In a companion article, Cole (2003) reports that corals from East Africa "tell a similar tale of erosion exacerbated by the imposition of colonial agricultural practices in the early decades of the twentieth century."  There, similar coral data from Malindi Reef, Kenya, indicate "a low and stable level of barium before about 1910 which rises dramatically by 1920, with a simultaneous increase in variance," a phenomenon that was also evident in the Australian data.

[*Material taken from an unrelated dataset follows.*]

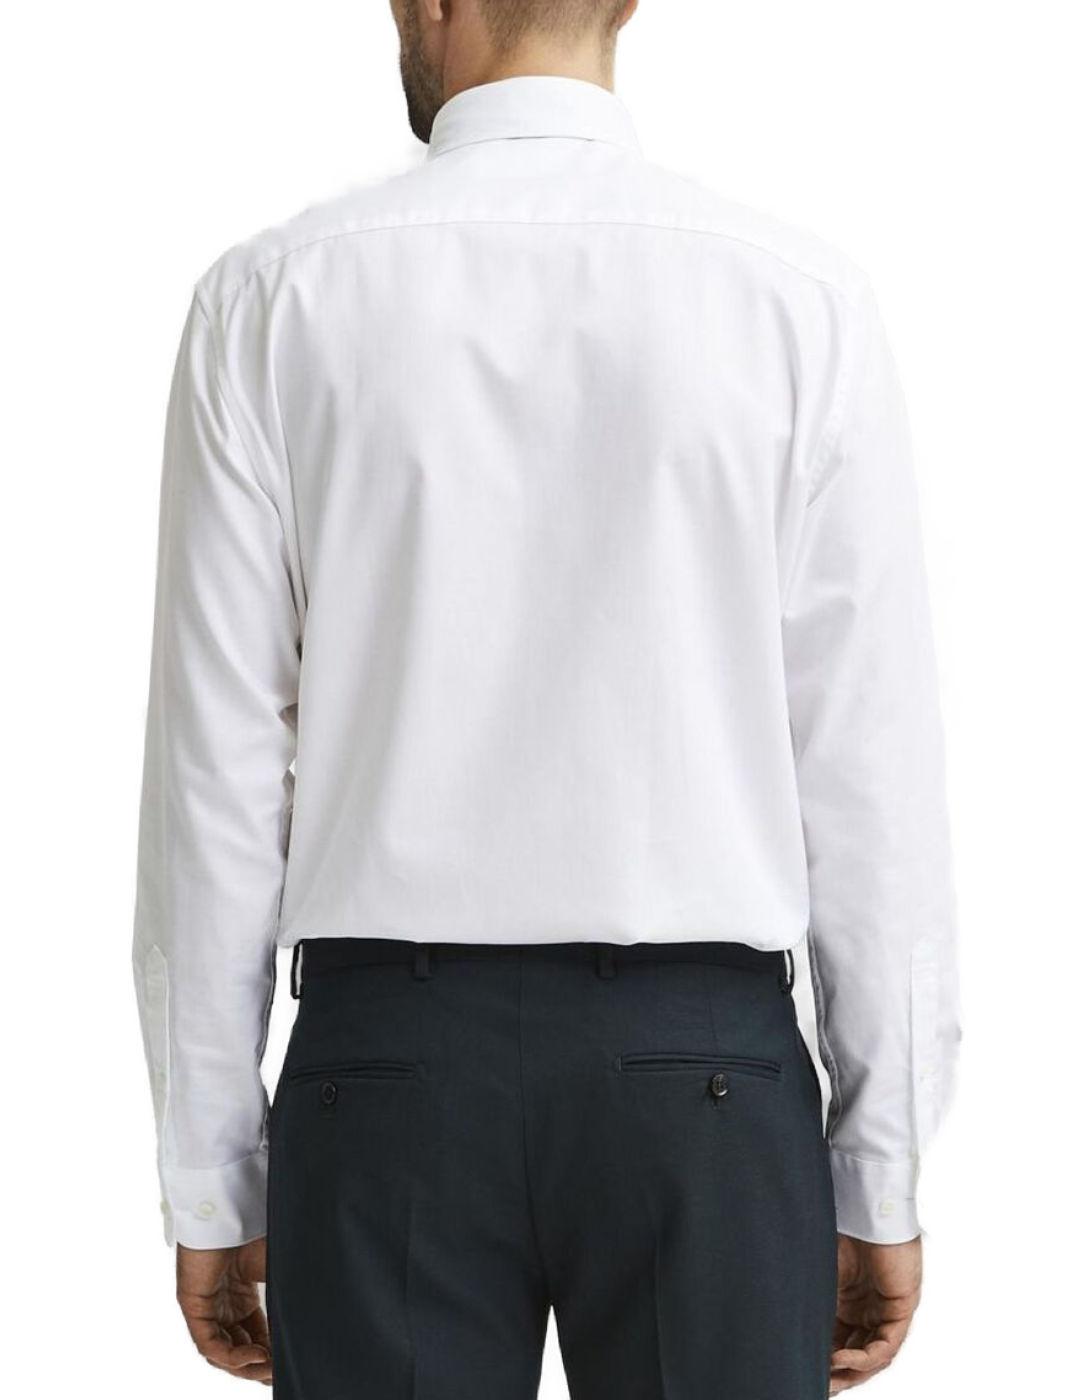 Camisa Selected Methan de vestir slim fit blanca de hombre

What are the implications of these observations?  Cole concludes that "human activity, in the form of changing land use, has added sedimentation to the list of stresses experienced by reefs."  Furthermore, as land-use intensification is a widespread phenomenon, she notes that "many reefs close to continents or large islands are likely to have experienced increased delivery of sediment over the past century," which suggests that the stress levels produced by this phenomenon are likely to have increased over the past century as well.  In addition, Cole logically concludes that as coastal populations continue to rise, "this phenomenon is likely to expand."

We believe the historical and ongoing worldwide increase in sediment-induced stress -- which includes the debilitating effects of various nutrients and toxins of anthropogenic origin that are intimately associated with, and even carried by, the sediments -- is what is predisposing today's corals to bleach more readily than they did in the past in response to periodic increases in water temperature.  Perhaps it is also responsible for the historical increase in emerging diseases in coral reef ecosystems that has been studied by Hayes and Goreau (1998), which they attribute (falsely, we believe) to global warming.  These latter scientists note, for example, that "some of the emerging coral diseases may be explained by a decline in the capacity of coral colonies to mount effective protection against the increasing prevalence and varied invasive strategies of marine pathogens."  This reduced defense ability would seem to be equally well, if not better, explained as a consequence of the heightened and ever-increasing level of stress produced by the ever-increasing coastal concentrations of sediments and their associated nutrients and toxins that have become a fact of modern life throughout the entire world.

Sherwood, Keith and Craig Idso

Cole, J.  2003.  Dishing the dirt on coral reefs.  Nature 421: 705-706.

Hayes, R.L. and Goreau, N.I.  1998.  The significance of emerging diseases in the tropical coral reef ecosystem.  Revista de Biologia Tropical 46 Supl. 5: 173-185.

Idso, S.B., Idso, C.D. and Idso, K.E.  2000.  CO2, global warming and coral reefs: Prospects for the future.  Technology 75S: 71-93.

McCulloch, M., Fallon, S., Wyndham, T., Hendy, E., Lough, J. and Barnes, D.  2003.  Coral record of increased sediment flux to the inner Great Barrier Reef since European settlement.  Nature 421: 727-730.